All studies were reviewed retrospectively on a PACS workstation (Sienet, Siemens Healthcare) by two radiologists with 10 and 6 years of experience in interpreting abdominal MRI. The readers had no knowledge of clinical symptoms but did know that the patients were referred for and had undergone urethral imaging, presumably for urinary symptoms. The MRI examinations were reviewed in random order and in consensus. For each study, static images were initially evaluated, followed by review of the dynamic sequence, which is how these studies are interpreted in our clinical practice.

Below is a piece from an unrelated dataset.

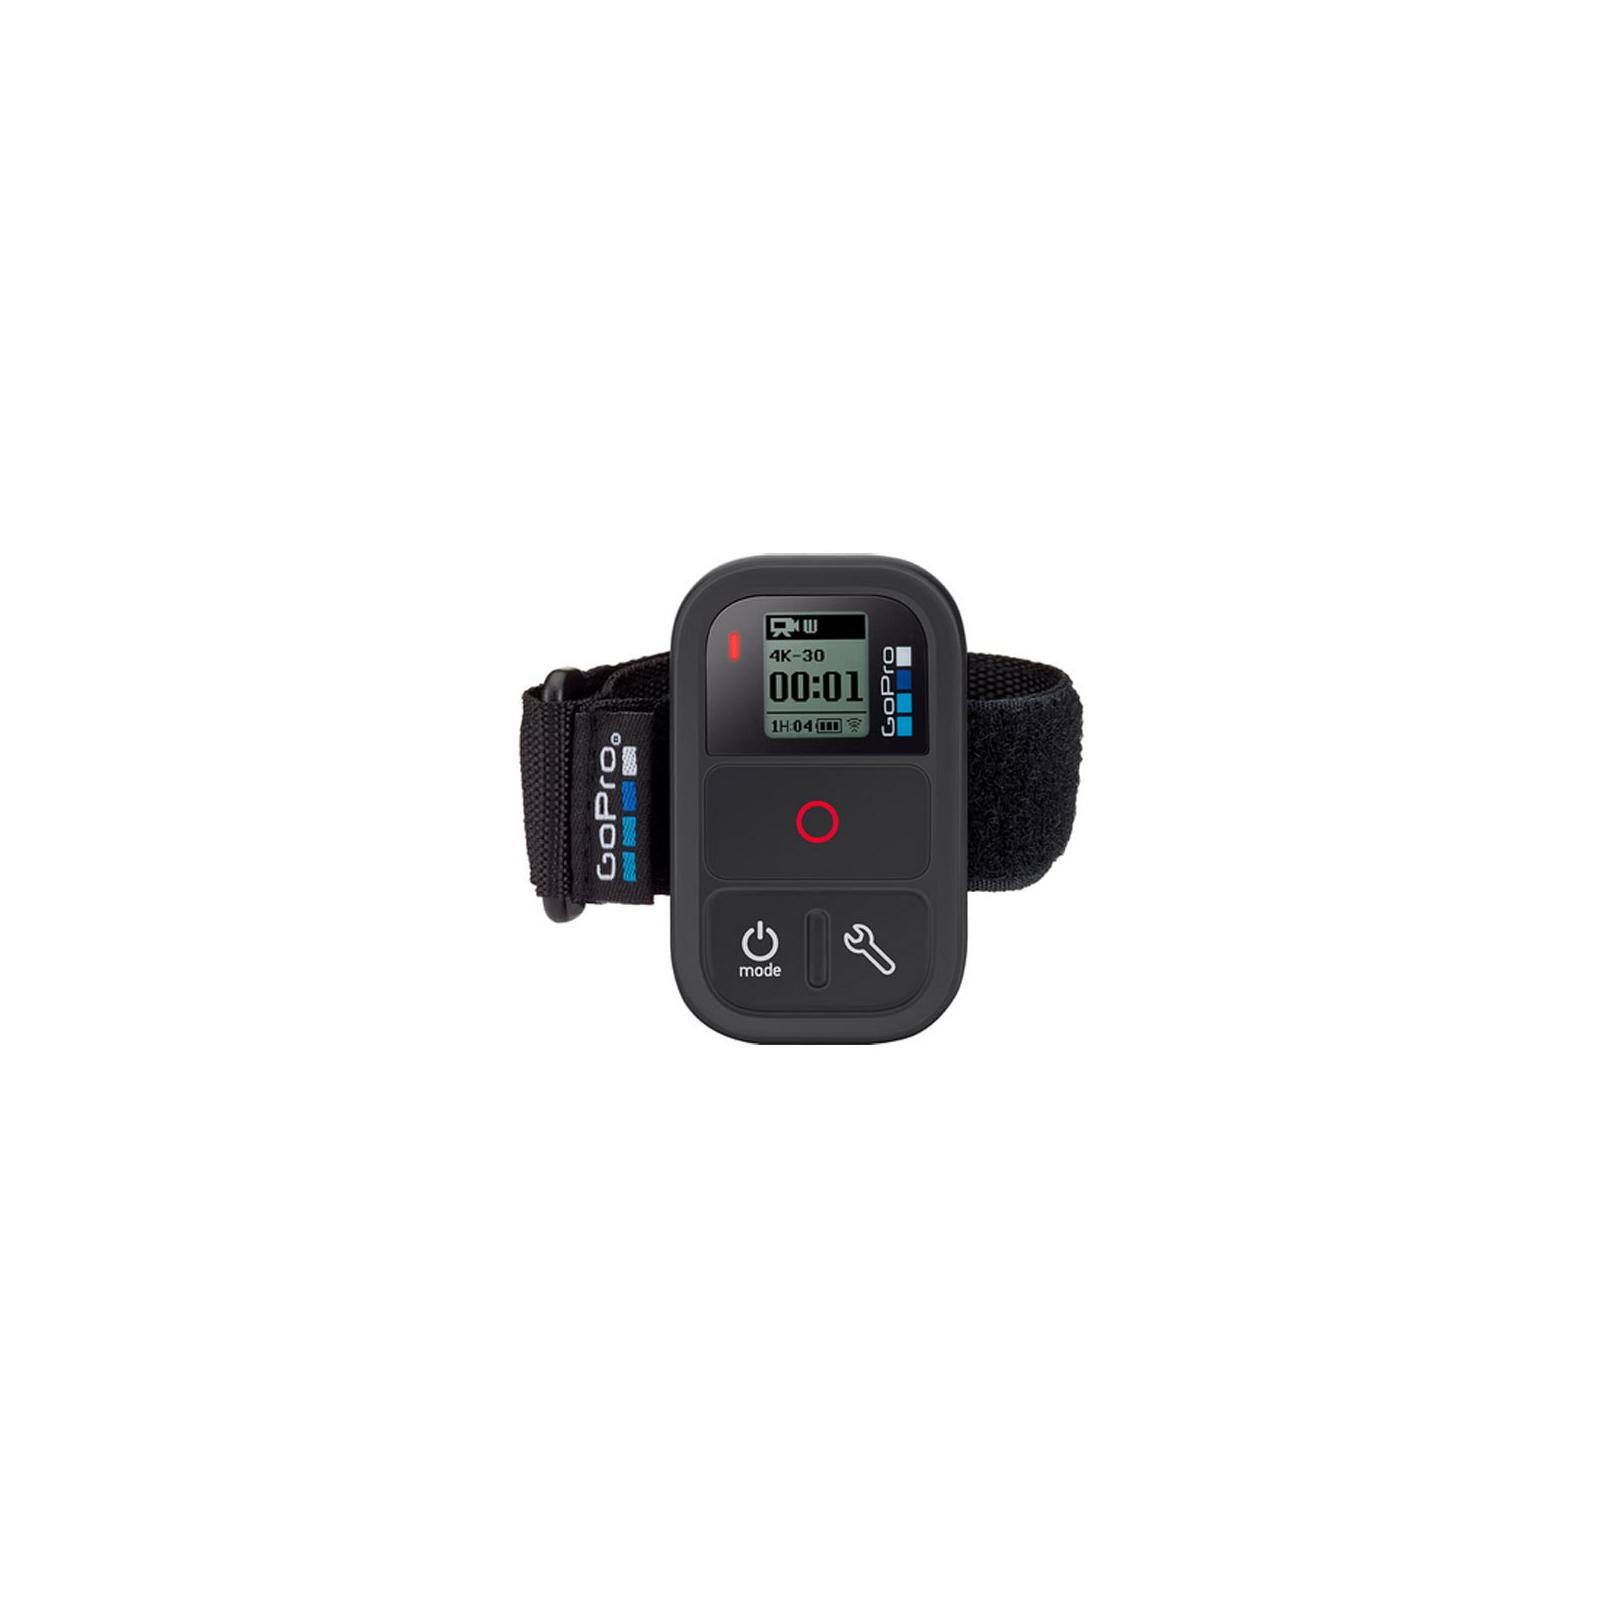 Пульт ДУ для фото- видеокамер GoPro Smart Remote (ARMTE-002-FR) изображение 4

Urethral abnormalities were classified according to previously published criteria.[3–6] Using accepted criteria, the presence and degree of pelvic organ prolapse at rest and with strain were also determined. Prolapse was diagnosed when the pelvic organs descended more than 1 cm below the pubococcygeal line, a line extending from the inferior margin of the pubic symphysis to the last joint of the coccyx and representing the level of the pelvic floor.[10–14,19,20] Grading of prolapse was based on the distance of a perpendicular line drawn from the pubococcygeal line to the inferior margin of the organ of interest as follows: negative, < 1 cm; mild, < 2 cm; moderate, 2–4 cm; and severe, > 4 cm. A cystocele was diagnosed when the bladder neck descended to more than 1 cm below the pubococcygeal line, and urethrocele was diagnosed when the urethra descended to more than 1 cm below the pubococcygeal line. Hypermobility of the urethra refers to inferior descent of the urethra below the pubococcygeal line and rotation from its resting axis resulting from laxity of the urethral supporting structures.[12,24,25] Hypermobility of the urethra was defined as horizontal translation of the urethra away from the normal vertical axis, with strain at an angle greater than 30°, as defined in the literature.[25] No MR grading system exists for severity of urethral hypermobility. For this study, hypermobility was graded as mild (> 30° and < 45° from the vertical) or (severe > 45°). A rectocele was defined as anterior bulging of the rectal wall greater than 2 cm from a line drawn parallel to the center of the anal canal.

Clinical Correlation

Clinical charts were available for retrospective review in all 84 patients. Because these 84 patients were all referred by urologists, clinical symptoms and physical examination findings related to the anterior compartment were specifically examined. Physical examinations were performed by three urologists who perform most urethral and pelvic floor surgery at our medical center. The findings were classified according to Baden and Walker.[26] The presence of the following urinary tract symptoms in each patient was recorded: dysuria, urinary frequency, nocturia, recurrent urinary tract infection, stress urinary incontinence, urge incontinence, urgency, and voiding difficulty. The total number of pregnancies, vaginal deliveries, and cesarean sections for each patient was also recorded.

Statistical Analysis

SAS version 9.0 (SAS Institute) was used for all statistical computations. The Fisher's exact test was used to evaluate the association of each anterior compartment finding at MRI (cystocele, urethrocele, urethral hypermobility) with each clinical symptom, the number of pregnancies, and type of delivery. An exact Mann-Whitney test was used to compare MRI findings and patient age. An exact Mann-Whitney test also was used to compare women with and without a specific symptom in terms of cystocele, urethrocele, and urethral hypermobility severity. All reported p values are two-sided and were not subjected to multiple comparison correction. Results were declared significant when associated with a p value less than 0.05. Comparison was also made between physical examination findings and MRI findings. Patients with cystoceles and urethral hypermobility detected only on MRI or physical examination, on both MRI and physical examination, or on neither MRI nor physical examination were identified. Charts were also reviewed for patient management and findings at pathology.